Reputation: 147
So i have a question about the following piece of code:
def OnChanMsg(self, nick, channel, message):
if 'Username' in nick.GetNick():
stripped = message.s.strip() #strips leading and lagging whitespaces
regex = re.compile("\x1f|\x02|\x12|\x0f|\x16|\x03(?:\d{1,2}(?:,\d{1,2})?)?", re.UNICODE) #recompiles the mesasge minus colorcodes, bold etc
ircstripped = regex.sub("", stripped)
all = re.findall(r'test\ for\ (.*)\: ->\ (.*)\ \((.*)\)\ -\ \((.*)\)\ - \((.*)\).*', ircstripped)
So my question(s) is(are) the following:
1) What the code does is relatively clear to me with the exception of the "(?:\d{1,2}(?:,\d{1,2})?)?"
part, i just don't understand what it does and how it works, i did check the google developers codeschool videos, i also checked the python documentation, but when my goal is to strip an IRC message of its colors and other various formatting then what exactly does this part do in (if possible) laymans terms.
I found this inside the thread: How to strip color codes used by mIRC users?
(?: ... ) says to forget about storing what was found in the parenthesis (as we don't need to backreference it), ? means to match 0 or 1 and {n,m} means to match n to m of the previous grouping.
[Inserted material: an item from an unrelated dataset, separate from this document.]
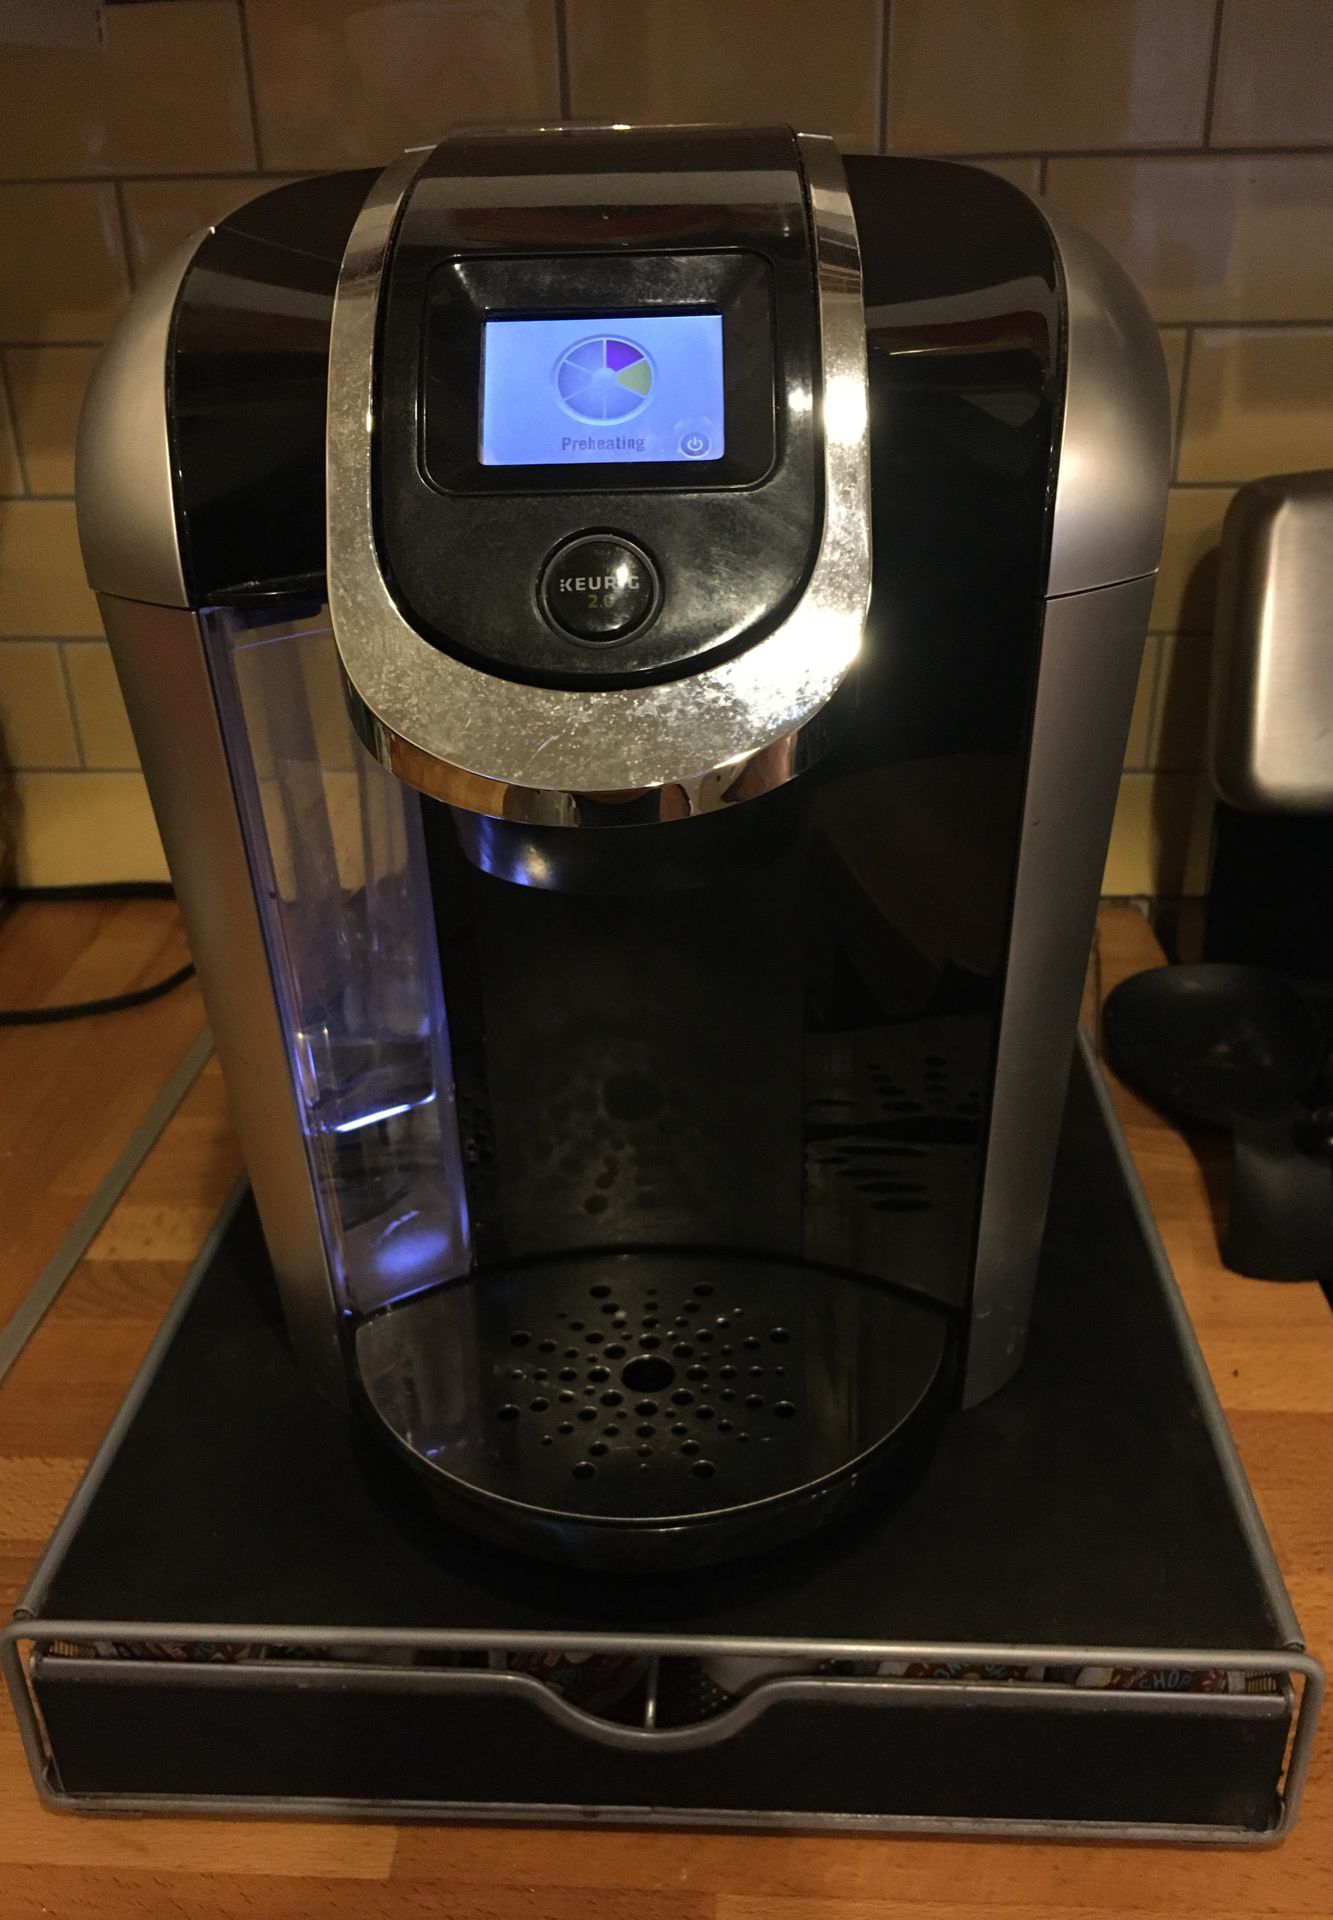 KEURIG 2.0 With kcup/ coffee tray. Great Condition!!!!

Finally, \d means to match [0-9].
But im not really getting it =/
Upvotes: 1
Views: 155
Reputation: 8492
http://myregextester.com to the rescue!
NODE EXPLANATION
----------------------------------------------------------------------
(?-imsx: group, but do not capture (case-sensitive)
(with ^ and $ matching normally) (with . not
matching \n) (matching whitespace and #
normally):
----------------------------------------------------------------------
(?: group, but do not capture (optional
(matching the most amount possible)):
----------------------------------------------------------------------
\d{1,2} digits (0-9) (between 1 and 2 times
(matching the most amount possible))
----------------------------------------------------------------------
(?: group, but do not capture (optional
(matching the most amount possible)):
----------------------------------------------------------------------
, ','
----------------------------------------------------------------------
\d{1,2} digits (0-9) (between 1 and 2 times
(matching the most amount possible))
----------------------------------------------------------------------
)? end of grouping
----------------------------------------------------------------------
)? end of grouping
----------------------------------------------------------------------
) end of grouping
----------------------------------------------------------------------
So, in other words: optionally capture 1-2 digits, optionally followed by a group consisting of a comma and 1-2 digits.
So the following would match (assuming a whole-line match):
12
1
20
10,2
22,3
12,0
14,20
but the following wouldn't:
200
a,b
!123p9
1000,2000
Upvotes: 2
Reputation: 46872
(?:\d{1,2}(?:,\d{1,2})?)?
is just zero, one or two numbers, with 1 or 2 digits, separated by a comma.
(?:\d{1,2}(?:,\d{1,2})?)? = (?:\d{1,2}(?:,\d{1,2})?) followed by ?
= the whole thing is optional
(?:\d{1,2}(?:,\d{1,2})?) = \d{1,2}(?:,\d{1,2})? in a group that is not stored
\d{1,2}(?:,\d{1,2})? = \d{1,2} followed by (?:,\d{1,2})?
= 1 or 2 digits followed by (?:,\d{1,2})?
(?:,\d{1,2})? = (?:,\d{1,2}) followed by ?
= (?:,\d{1,2}) is optional
(?:,\d{1,2}) = ,\d{1,2} in a group that is not stored
,\d{1,2} = , (comma) followed by 1 or 2 digits
Upvotes: 0